Question

Distinguish between the following pair of compounds using the test given with in brackets: Sodium nitrate and sodium sulphite (using dilute sulphuric acid)

Answer 1

Hint: In this question we have to differentiate between the sodium nitrate, and sodium sulphite compounds using the dilute sulphuric acid. Write down the chemical reactions for both cases. In both the cases there will be evolution of gases as the by-products.

Complete step by step answer:
Sodium nitrate which is a chemical compound with the formula \[NaN{{O}_{3}}\] . It is a white solid and highly water soluble. Sodium nitrate combines with sulphuric acid to give nitric acid.
Let us see the chemical reaction in which Sodium nitrate react with dilute sulphuric acid
\[NaNO_{3}^{{}}+dil.{{H}_{2}}S{{O}_{4}}\xrightarrow{>{{200}^{0}}C}N{{a}_{2}}S{{O}_{4}}+HN{{O}_{3}}\]
When sodium nitrate reacts with dilute sulphuric acid it will liberate colourless vapors of nitric acid which then condenses to form nitric acid.
Whereas, Sodium sulphite when reacts with dilute sulphuric acid it will give colourless gas with smell of burning Sulphur which is acidic in nature and that means sulphur dioxide \[\left( S{{O}_{2}} \right)\]
Now the reaction between sodium sulphite and dilute sulphuric acid occurs in two steps which is also called double replacement reaction.
Now let us see the first step of double replacement reaction:
In first step, sodium sulfite reacts with dilute sulphuric acid to give sodium sulphate and sulphuric acid:
\[N{{a}_{2}}S{{O}_{3}}+dil.{{H}_{2}}S{{O}_{4}}\to N{{a}_{2}}S{{O}_{4}}+{{H}_{2}}S{{O}_{3}}\]
And chemical reaction for the second step:
\[{{H}_{_{2}}}S{{O}_{3}}\to S{{O}_{3}}+{{H}_{2}}O\]
Therefore, overall reaction written as,
\[N{{a}_{2}}S{{O}_{3}}+dil{{H}_{2}}S{{O}_{4}}\to N{{a}_{2}}S{{O}_{4}}+{{H}_{2}}O+S{{O}_{2}}\]
Sodium sulphite is an inorganic compound with formula \[N{{a}_{2}}S{{O}_{3}}\]. It is pale yellow in colour and water soluble solid.
It is widely used as an antioxidant and preservatives.
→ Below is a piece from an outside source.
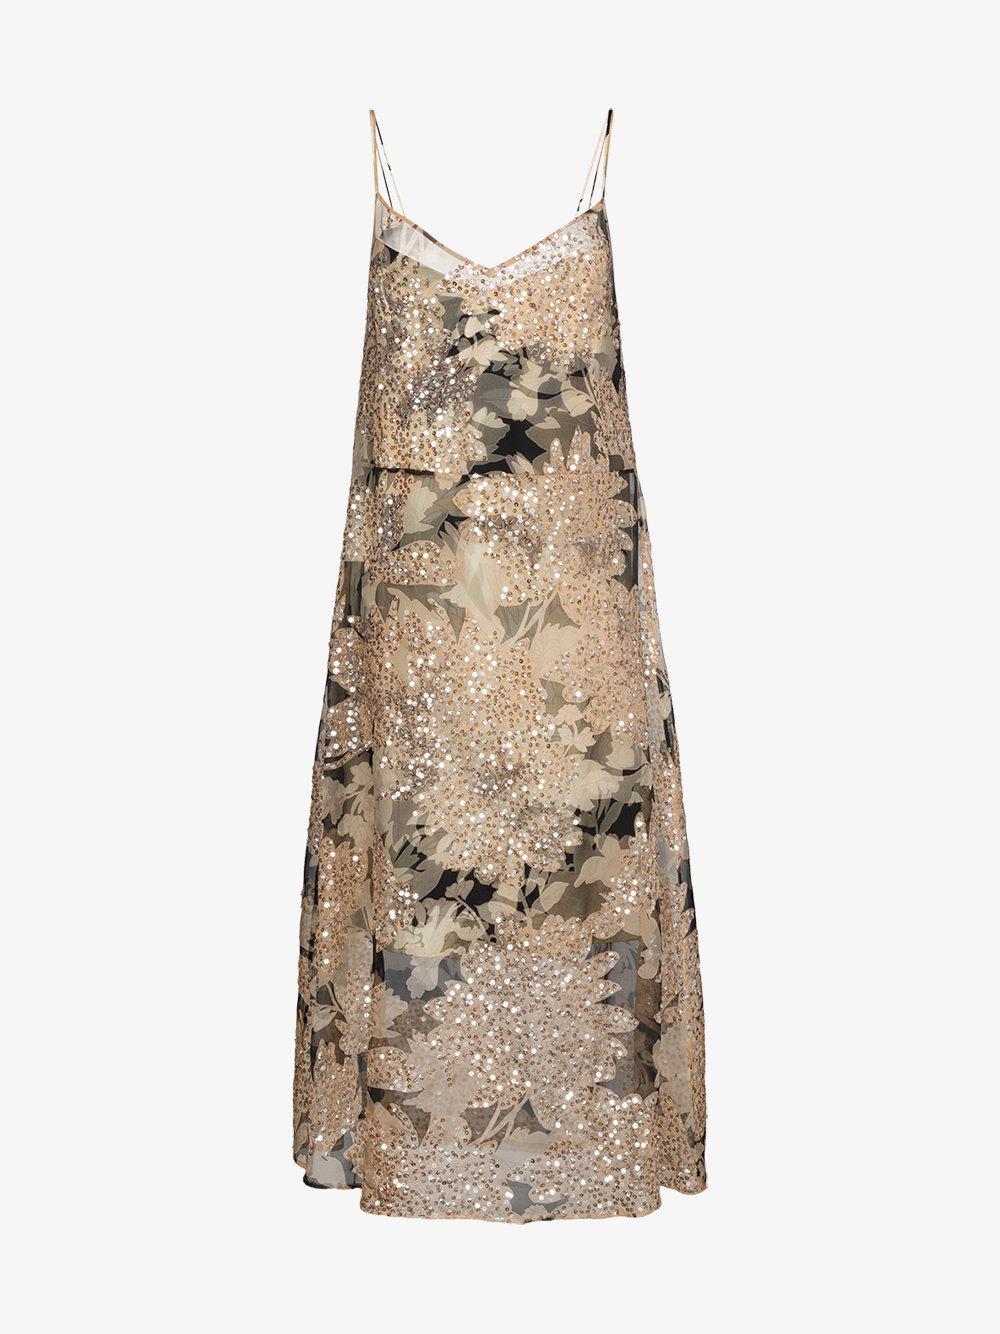 Dries Van Noten Strappy Floral Sequinned Dress In Nude & Neutrals

Note: As we can see sodium sulfate as a final product in each reaction but do not confuse here because in the second reaction it occurs in two steps which is double replacement reaction (It occurs when parts of two ionic compounds are exchanged to making new compounds) where sulfurous acid decomposes spontaneously because of its high instability and give sodium sulfate, water, and sulfur dioxide as the final product.